Dayum, indeed. That’s some major league smack. I hope Daily Exhaust Mike and Nate Silver meet at a party someday and it’s super awkward. Won’t happen, you say? Well, think about this. Both Daily Exhaust Mike and myself have been running our respective websites for longer than Mr. Silver. Age before competence, Nate!

I bring this up because Silver and 538 are going to catch some shit over underestimating Trump. This isn’t completely fair.

The last few election cycles, voters and the media seemed to turn to Nate Silver to provide a sober analysis of a candidate’s chances, devoid of feelings or hunches or anything else that discounts facts. Silver became a default backup, a way to reboot once our own views became unreliable, which was all too often. That’s made 538 a crutch.

So they got Trump wrong? So what? Does it really matter? I would think the actual results would be more important. Still, 538 should do an internal audit, just to be sure.

No new calls.


Cruz is up to bat now and he’s not screwing around. He’s all over Trump. He knows that right now he’s the number two in the race, and he needs to make it look like he can beat Trump. He’s probably already been on the phone tonight making the case to the leadership that he’s the best shot the party has.
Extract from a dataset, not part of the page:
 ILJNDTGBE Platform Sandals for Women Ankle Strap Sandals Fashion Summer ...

He needs Rubio and Kasich to drop out as soon as possible, otherwise time is going to run out.

Trump, so far, has taken more delegates on the night than all the other candidates combined. Trump, in a weird twisting of the 2008 and 2012 primaries, which the GOP had thought they had prevented in 2016 with some creative scheduling, is going to win the nomination because the other candidates are eating each other alive.
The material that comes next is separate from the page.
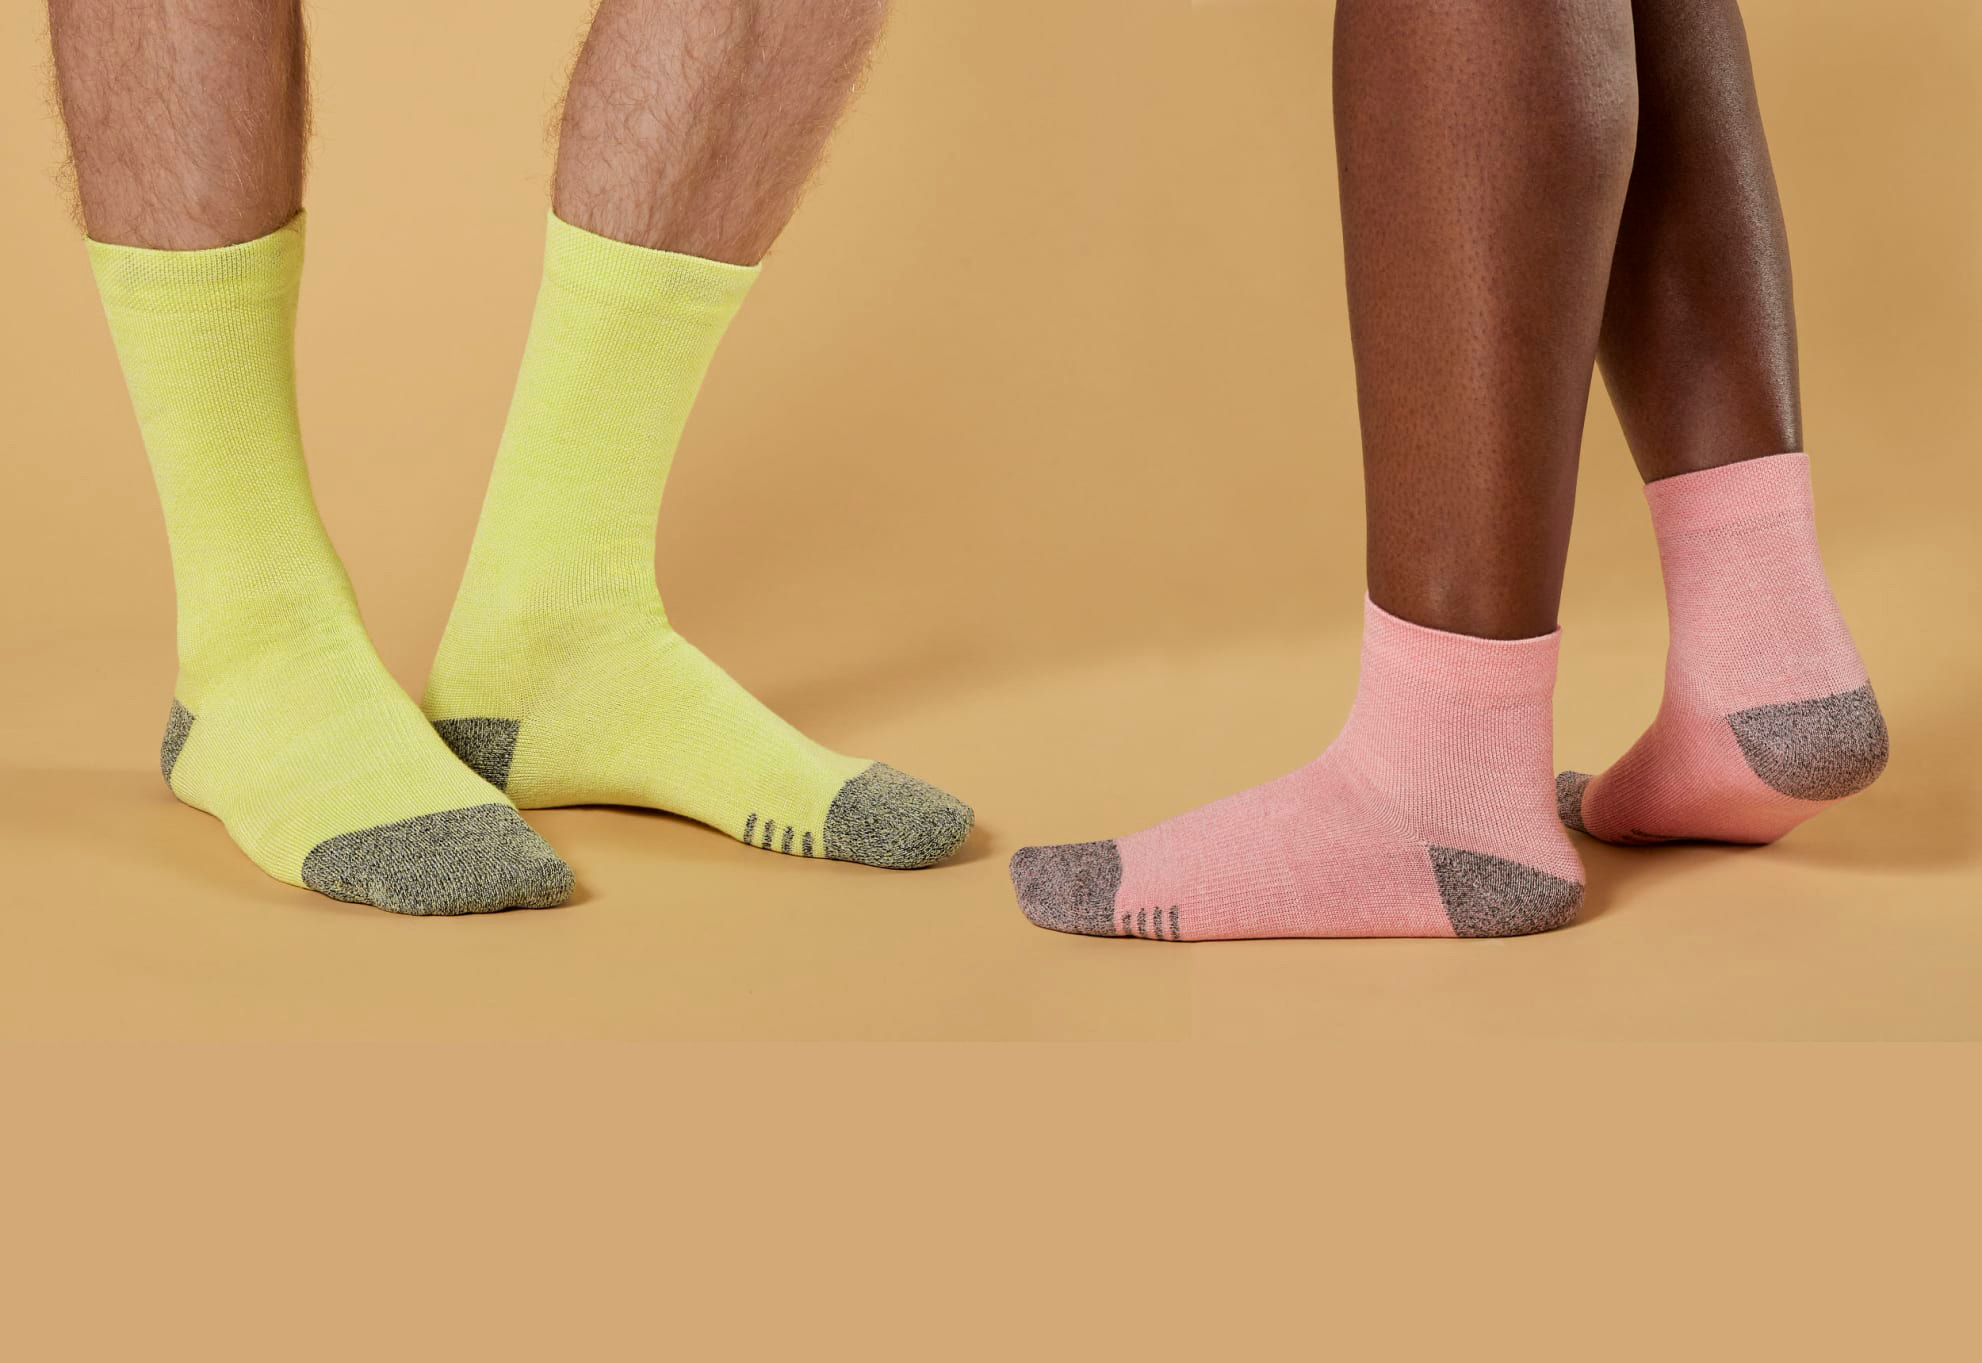 Allbirds introduces socks you can pair

After this week, Trump’s pluralities in popular vote are going to turn into majorities. This will be the week the GOP realizes they need a single standard-bearer to take down Trump. By next week they’ll realize they waited too long.

Trump takes Arkansas and Clinton takes Massachusetts. That’s a big loss for Sanders.
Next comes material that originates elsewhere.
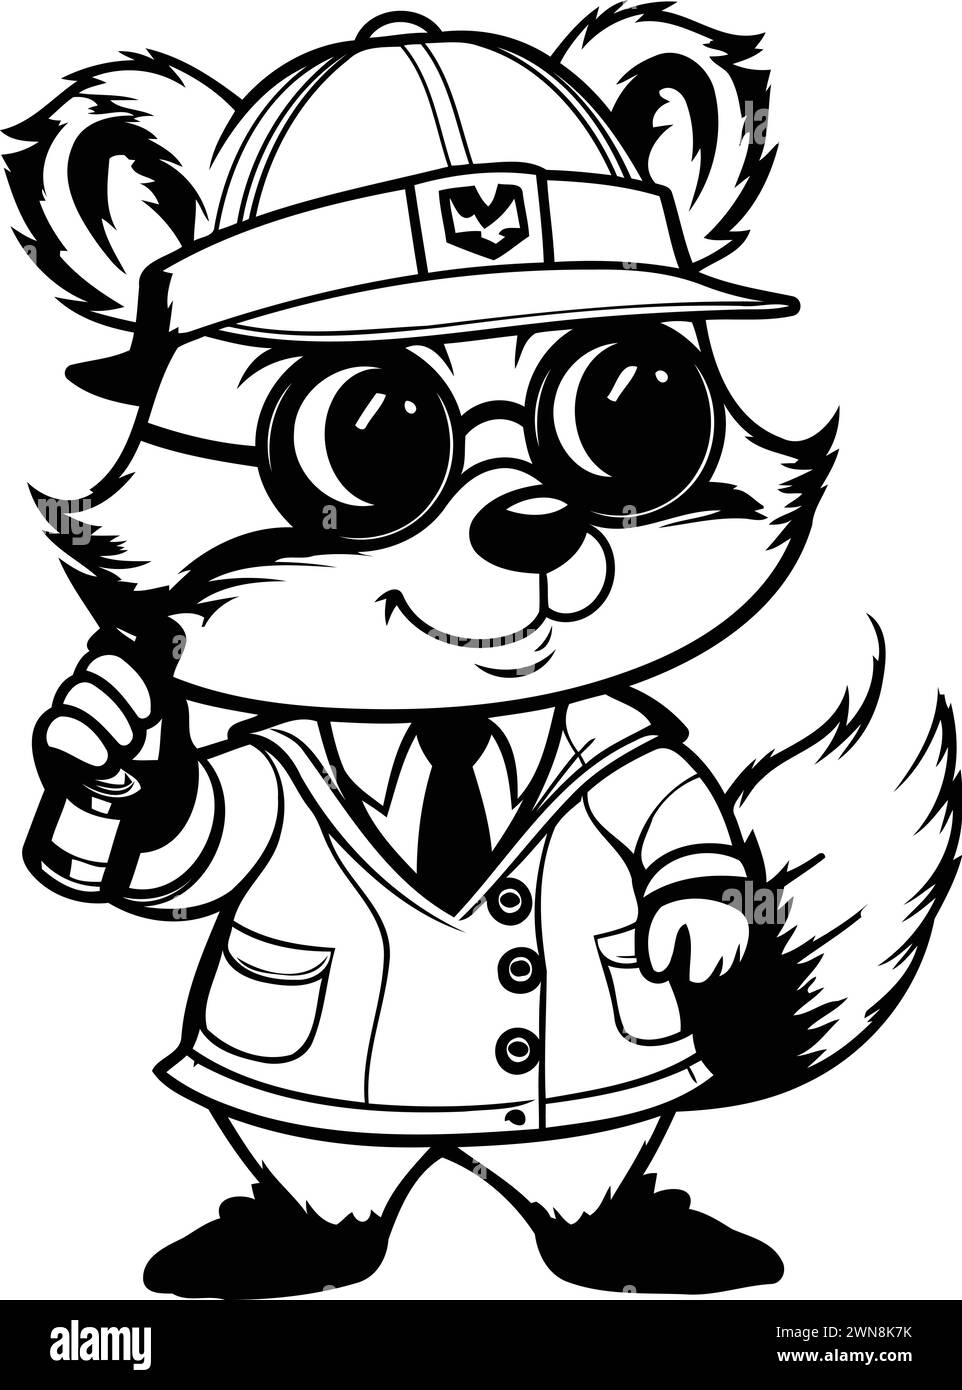 Schwarz-weiß-Zeichentrick-Illustration der Figur des Eichhörnchen Polizist Maskottchen Stock Vektor

Clinton is starting to pull away from Sanders more quickly than Barack Obama pulled away from Clinton in 2008.

Sanders is a serious candidate, despite much of the disparagement his campaign has encountered. Whereas Trump has lowered the level of debate over in the GOP race, Sanders is the sole reason that any policies of substance have been discussed in the Democratic race.

It was Sanders that brought up college tuition, universal healthcare, income inequality, racial equality, global warming, and more, more than just platitudes that Clinton would let fall like rose petals on her way to the coronation. Sanders made sure they stayed issues and that the frontrunner was forced to take stands.

Sanders isn’t done yet, but combined with the superdelegate count, he’s starting to get creamed. He’ll stay in long past the time when the news media has moved on. His impact on the debate will continue to decrease, but he will remain an influence, and that’s a good thing.

Sanders’ campaign hasn’t been put into this trouble because his policies didn’t resonate. In fact, the more people research him, the more supporters he gets. Rather, he has just run into a massive party coalition that was solidified years before Bernie decided to run. 2016 was always supposed to be Clinton’s year, and she made sure that her support within the party above the voters was secure. The work that was done inside the party is paying dividends now.

Of course it was going to be that way. Clinton was blindsided by Obama in 2008. All the internal work she took for granted in 2008 was done over the course of the entire Obama presidency. The most tangible result of this is the overwhelming support she has from superdelegates.

The superdelegates were an open question in 2008. In 2016, they have never been in doubt, breaking for Clinton at a rate of over ten-to-one. That’s why Clinton is winning. She found a way to exploit a built-in advantage in the party that has nothing to do with popular vote. But it has been Sanders that made sure she had to actually run as a Democrat.

That’s four hours of this nonsense, and I haven’t been paid a dime, so I’m calling it a night. The night belongs to Clinton and Trump.


Oh, hey. One last thing. If there is anyone from the Washington Post who reads this site, I want you to know that I saw that period tonight at about 11:40 when your paper had Massachusetts for Sanders and then switched it.